Stroke Studies

European Carotid Surgery Trial 2 (1411009)

Participants have their medication adjusted to reach the recommended levels for cholesterol and blood pressure, and receive advice about healthy lifestyle. Half of the patients are randomly allocated to have surgery or stenting as soon as possible, and the other half continue on medical treatment alone until such time, if ever, that revascularisation surgery becomes clearly indicated. Participants are seen regularly for several years to check their cholesterol and blood pressure remain on target and to record any surgical complications and the occurrence of strokes or heart attacks.

Safety and Tolerability of PF-05230907 in Intracerebral Hemorrhage (1611329)

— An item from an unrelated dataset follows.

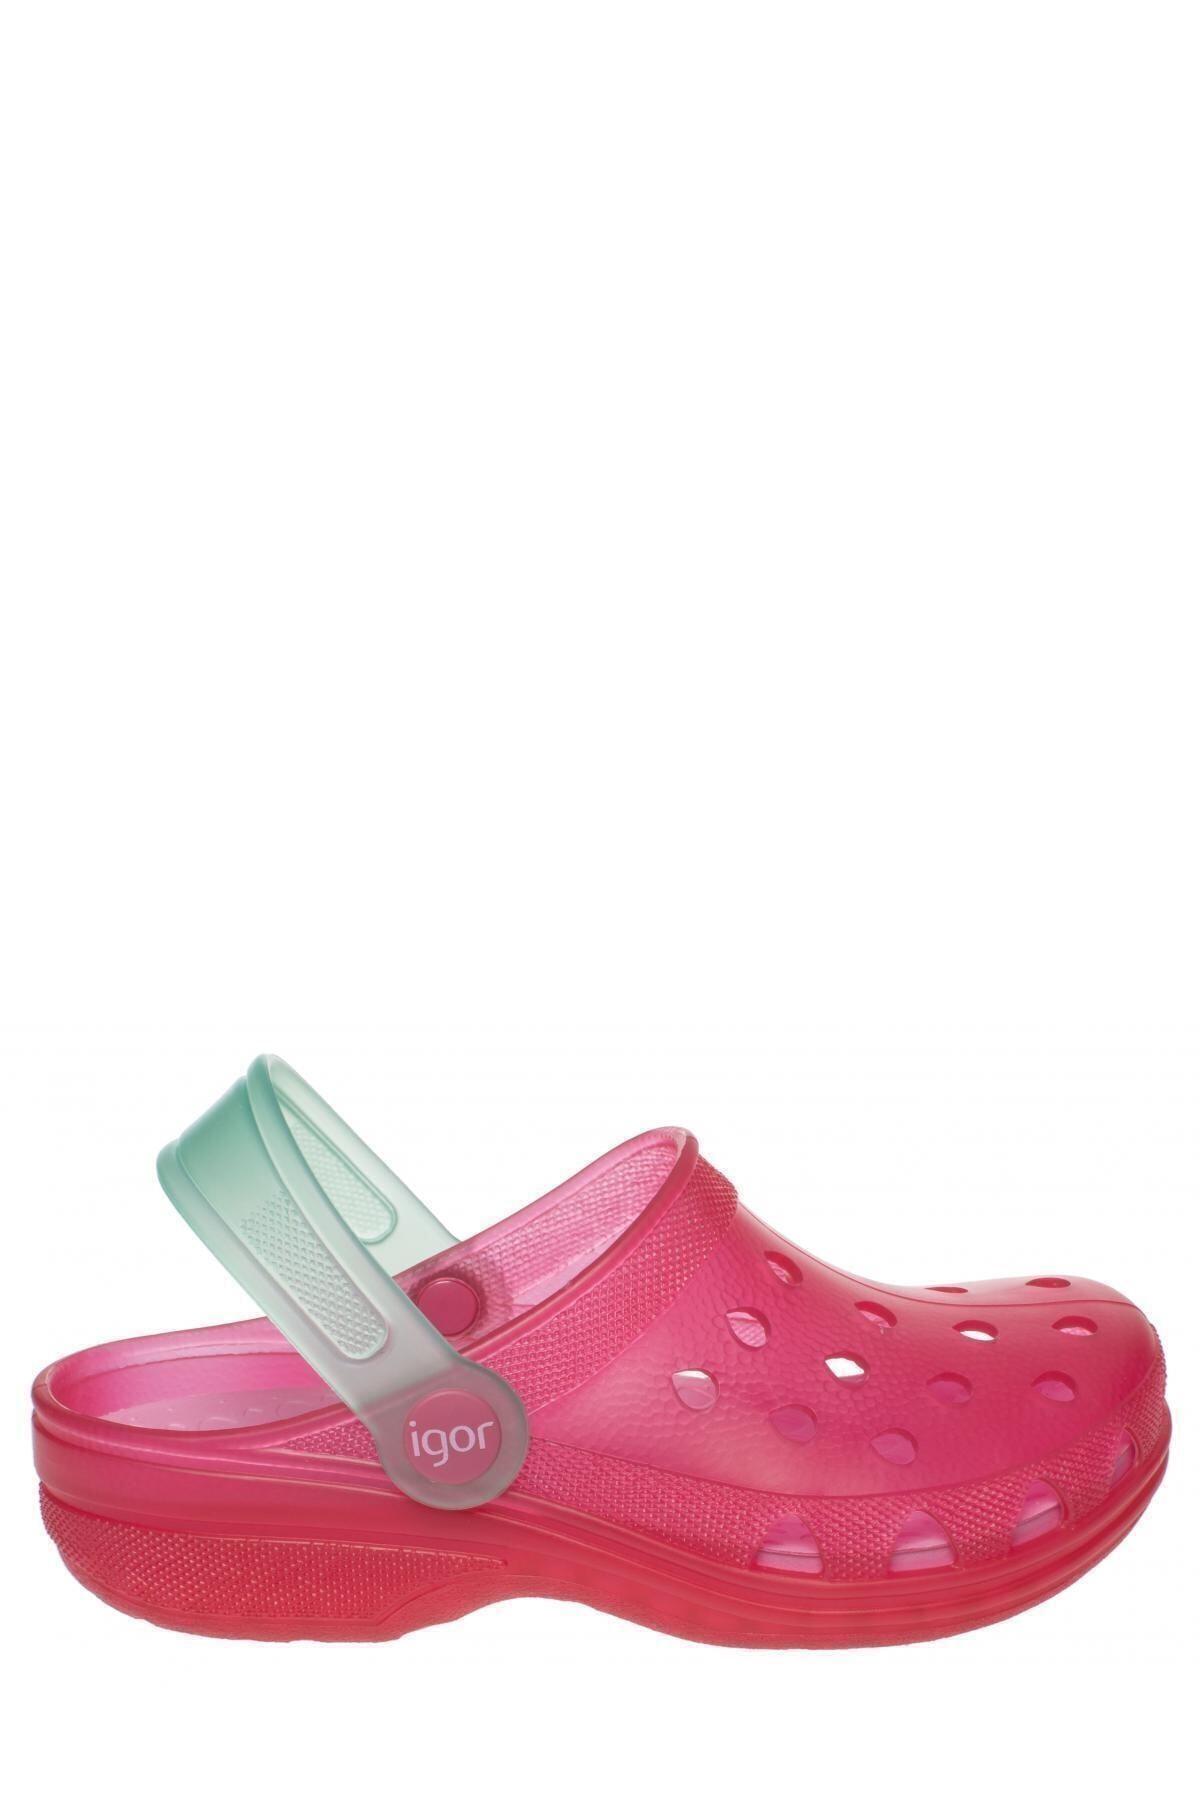 IGOR S10116 -Ö14 Fuşya Kız Çocuk Sandalet 100293819 2

This study employs a modified continual reassessment method (mCRM) design to estimate the maximum tolerated dose (MTD) of PF-05230907, defined as a target toxicity rate of 15% based on treatment emergent thromboembolic and/or ischemic events (TIEs). The mCRM design utilizes Bayesian methodology to continuously learn the dose-toxicity relationship, which is characterized by a parametric model.

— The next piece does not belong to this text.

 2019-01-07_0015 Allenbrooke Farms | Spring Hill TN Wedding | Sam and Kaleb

TASTE – Tenecteplase versus Alteplase (1605252)

The primary objective of this study is to test the hypothesis that patients with acute hemispheric ischaemic stroke who have a penumbra on perfusion CT or MRI within 4.5 hours of symptom onset will have less disability at 3 months when treated with IV TNK compared to IV tPA.

PD COMM (1703392)

Participants are randomly allocated to one of three groups. Participants in the first group receive four sessions of LSVT for four weeks. Participants in the second group receive traditional NHS SLT. The frequency of sessions varies but there is typically be one session per week for six to eight weeks. Participants in the third group do not receive any SLT for the duration of the study. Participants in all groups complete a number of questionnaires at the start of the study, and then again by post after 3, 6 and 12 months.

SOSTART (1707455)

Primary research question: For adults surviving spontaneous (non-traumatic) symptomatic intracranial haemorrhage with persistent/paroxysmal atrial fibrillation/flutter (AF), does starting full treatment dose oral anticoagulation (OAC) result in a beneficial net reduction of all serious vascular events compared with not starting OAC?

FIRST (1808672)

In patients with acute clots (deep vein thrombosis or pulmonary embolism) the investigators will collect real world data on their short and long term outcomes. The investigators hypothesise that in patients treated from the outset with rivaroxaban that: 1. treatment will be non-inferior to treatment with conventional anticoagulants (heparins and warfarin); 2. there will be less bleeding than when patients are on conventional anticoagulants; 3. there will be a lower long-term incidence of morbidity from chronic thromboembolic pulmonary hypertension and post-thrombotic limb syndrome.